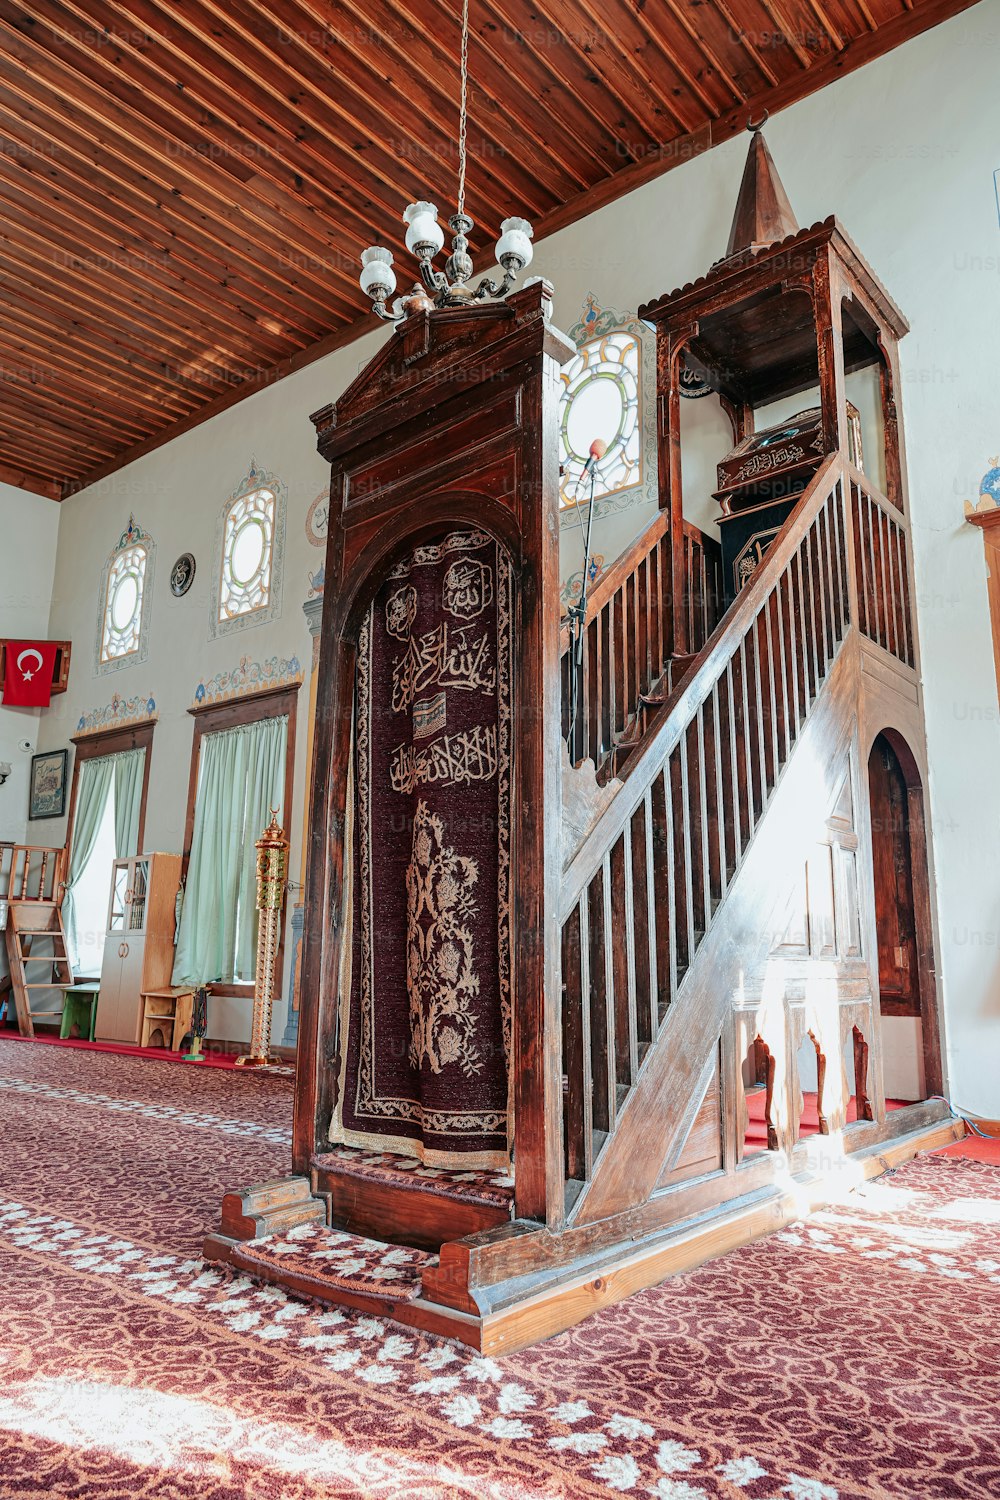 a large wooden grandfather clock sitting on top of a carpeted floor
:::::
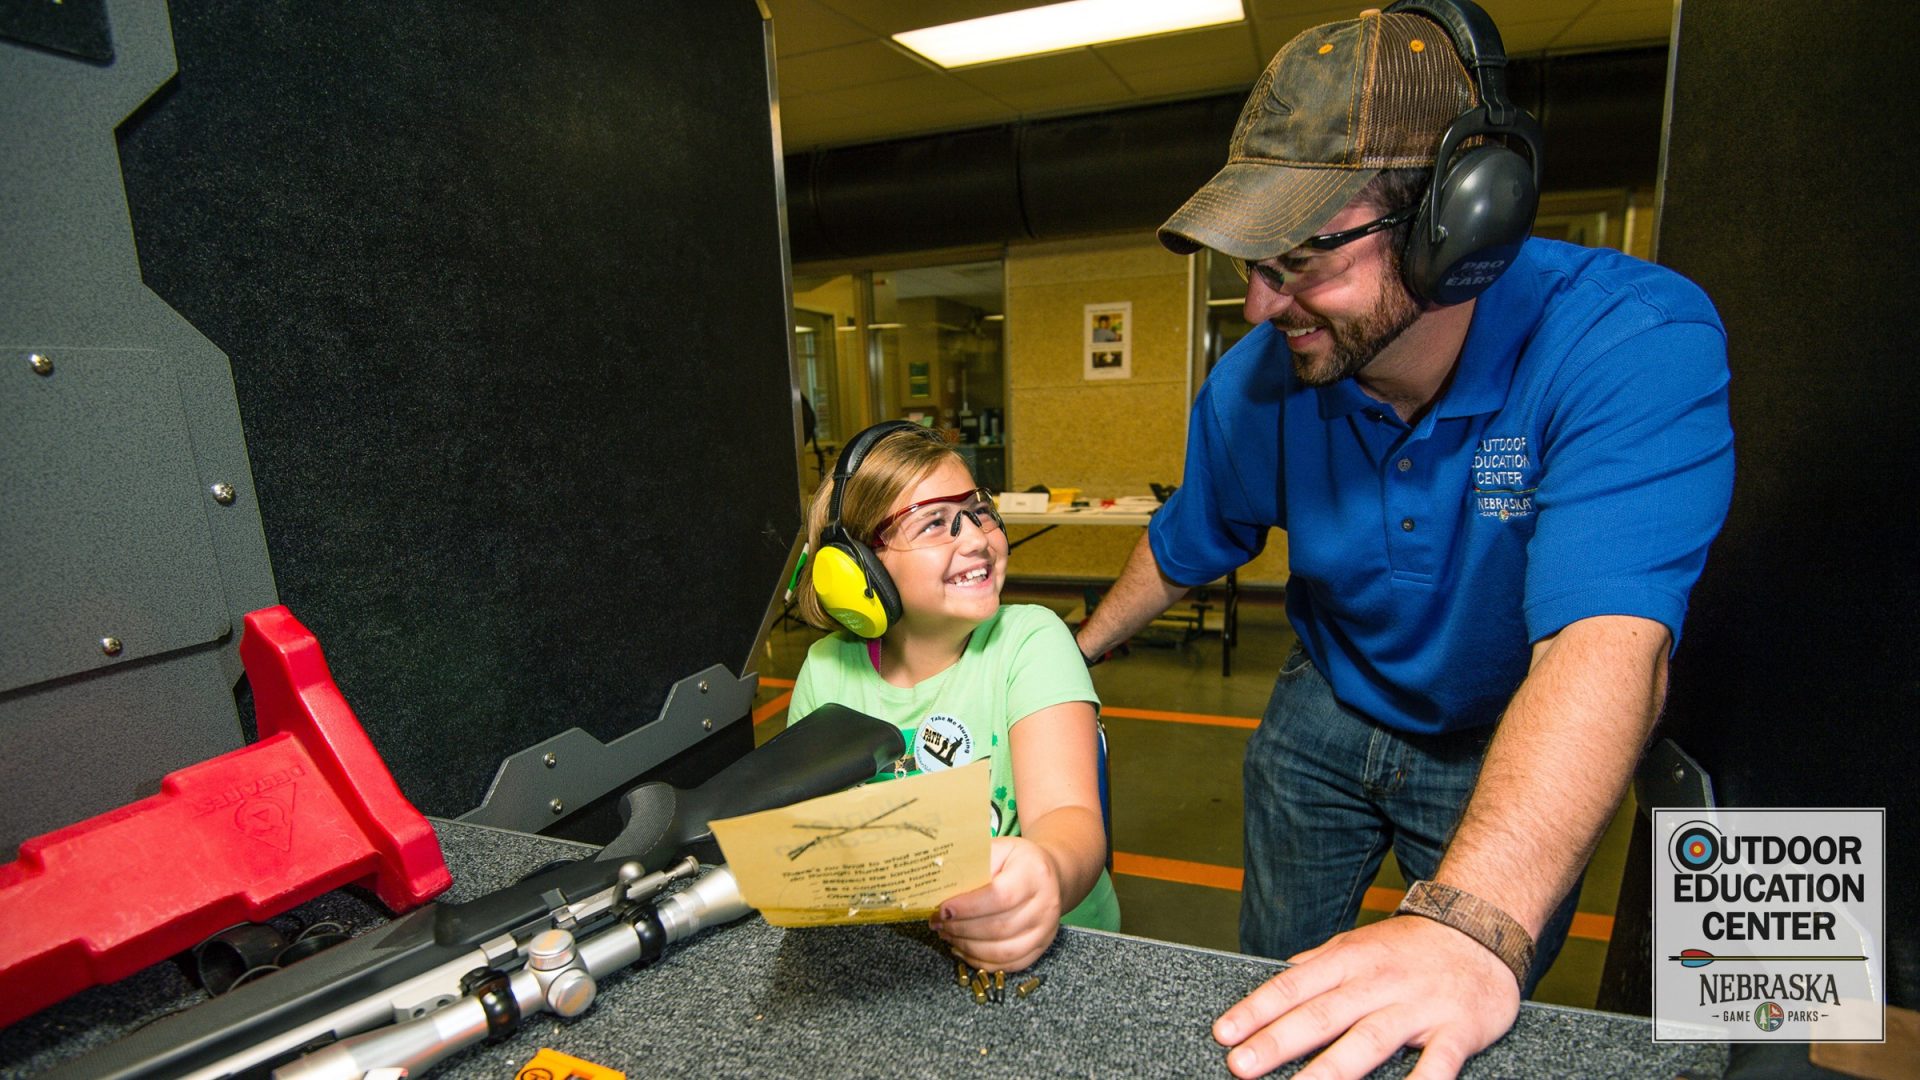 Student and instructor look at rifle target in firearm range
:::::
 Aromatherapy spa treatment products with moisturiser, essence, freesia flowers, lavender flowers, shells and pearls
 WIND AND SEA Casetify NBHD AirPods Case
:::::
* [REQUIRED ACTION] Please give again the lines above between the line holding "Aromatherapy spa treatment" and the line holding "WIND AND SEA Casetify NBHD AirPods Case", inclusive, exactly as they are and with nothing added.

* [EXERCISE RESPONSE]
 Aromatherapy spa treatment products with moisturiser, essence, freesia flowers, lavender flowers, shells and pearls
 WIND AND SEA Casetify NBHD AirPods Case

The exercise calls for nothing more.